■ What you should do
Would you retype the listing below word for word, without any of its pictures?

■ Given information
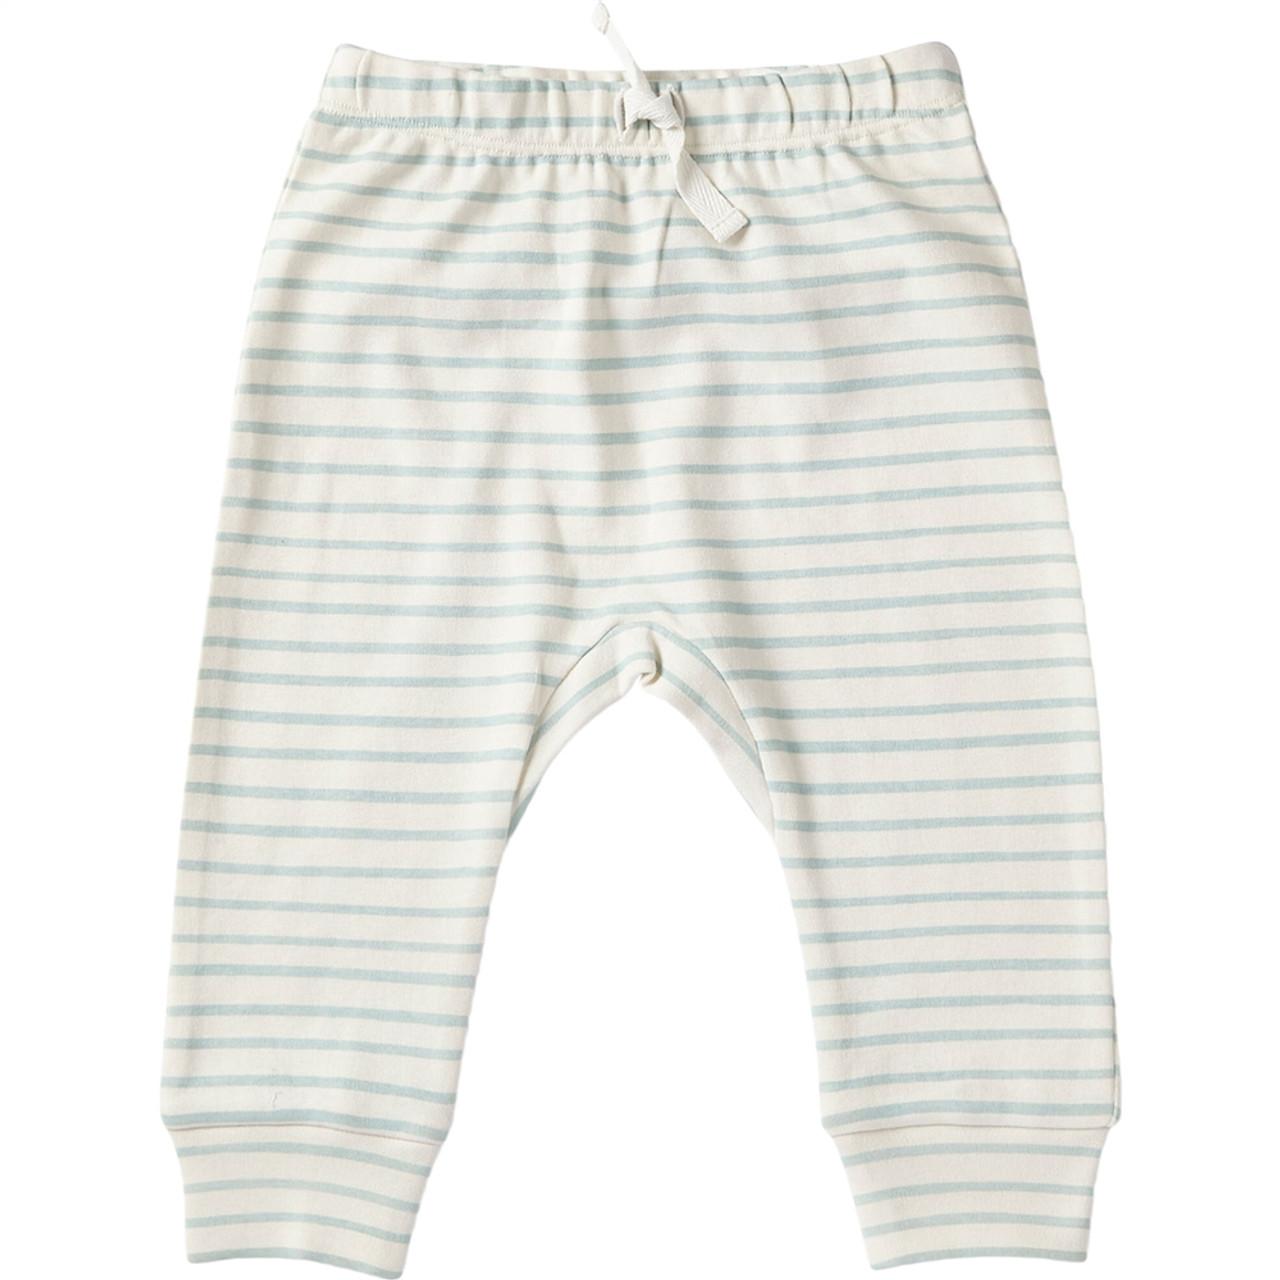 Organic Cotton Baby Harem Pants - Green Stripe, 0-3m
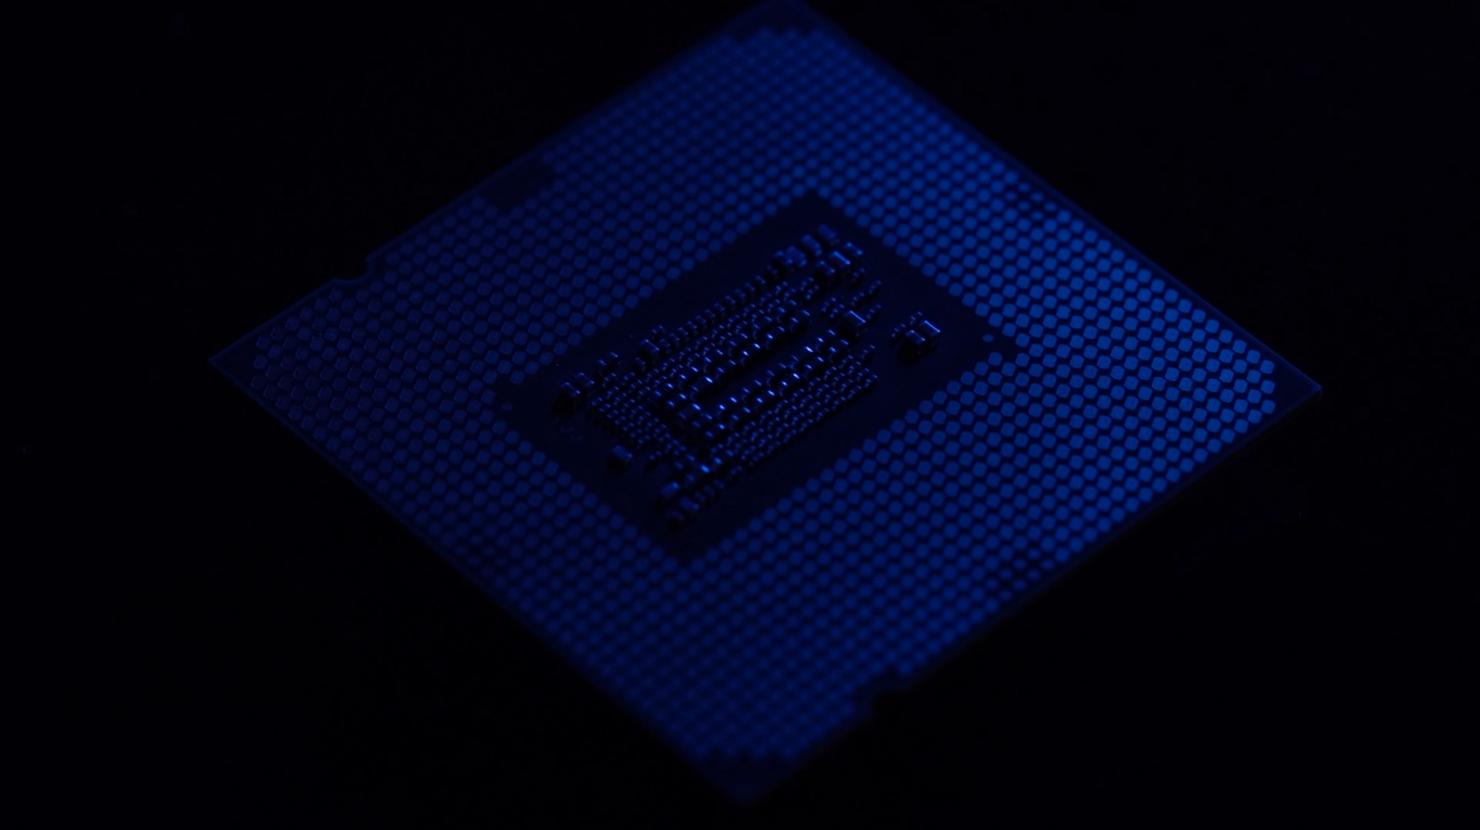 intel-core-i5-10400-comet-lake-s-6-core-desktop-cpu_2
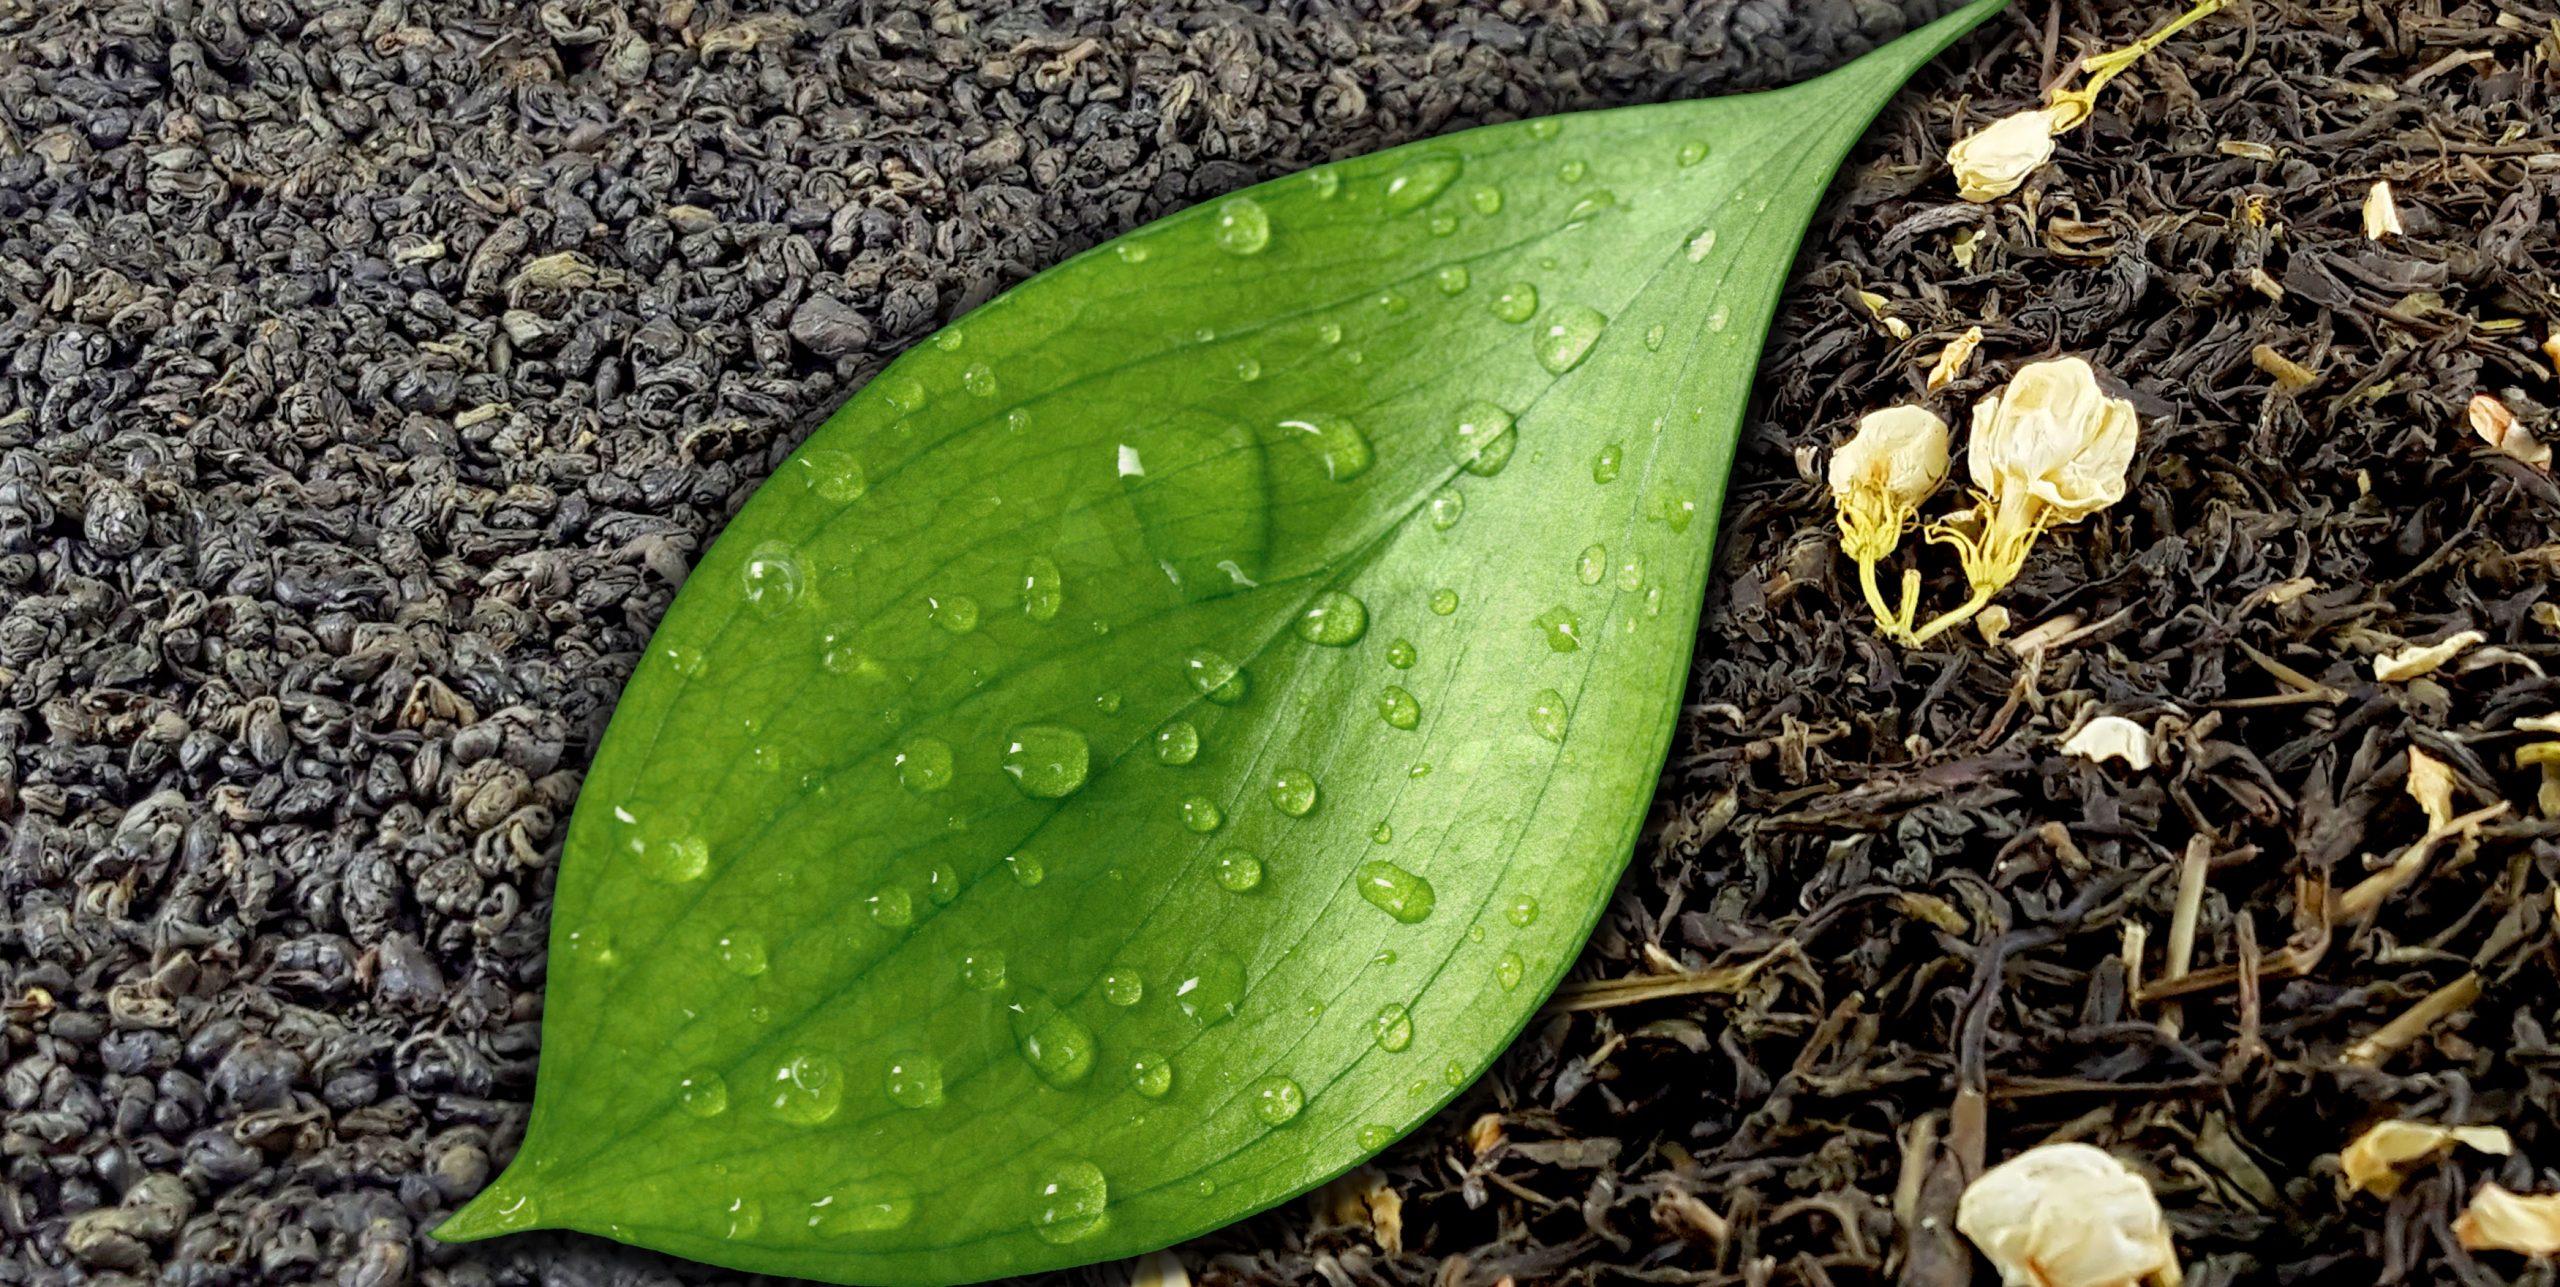 Exotic Gourmet Teas - Green, Black, Jasmine, Etc

■ Response to the task
 Organic Cotton Baby Harem Pants - Green Stripe, 0-3m
 intel-core-i5-10400-comet-lake-s-6-core-desktop-cpu_2
 Exotic Gourmet Teas - Green, Black, Jasmine, Etc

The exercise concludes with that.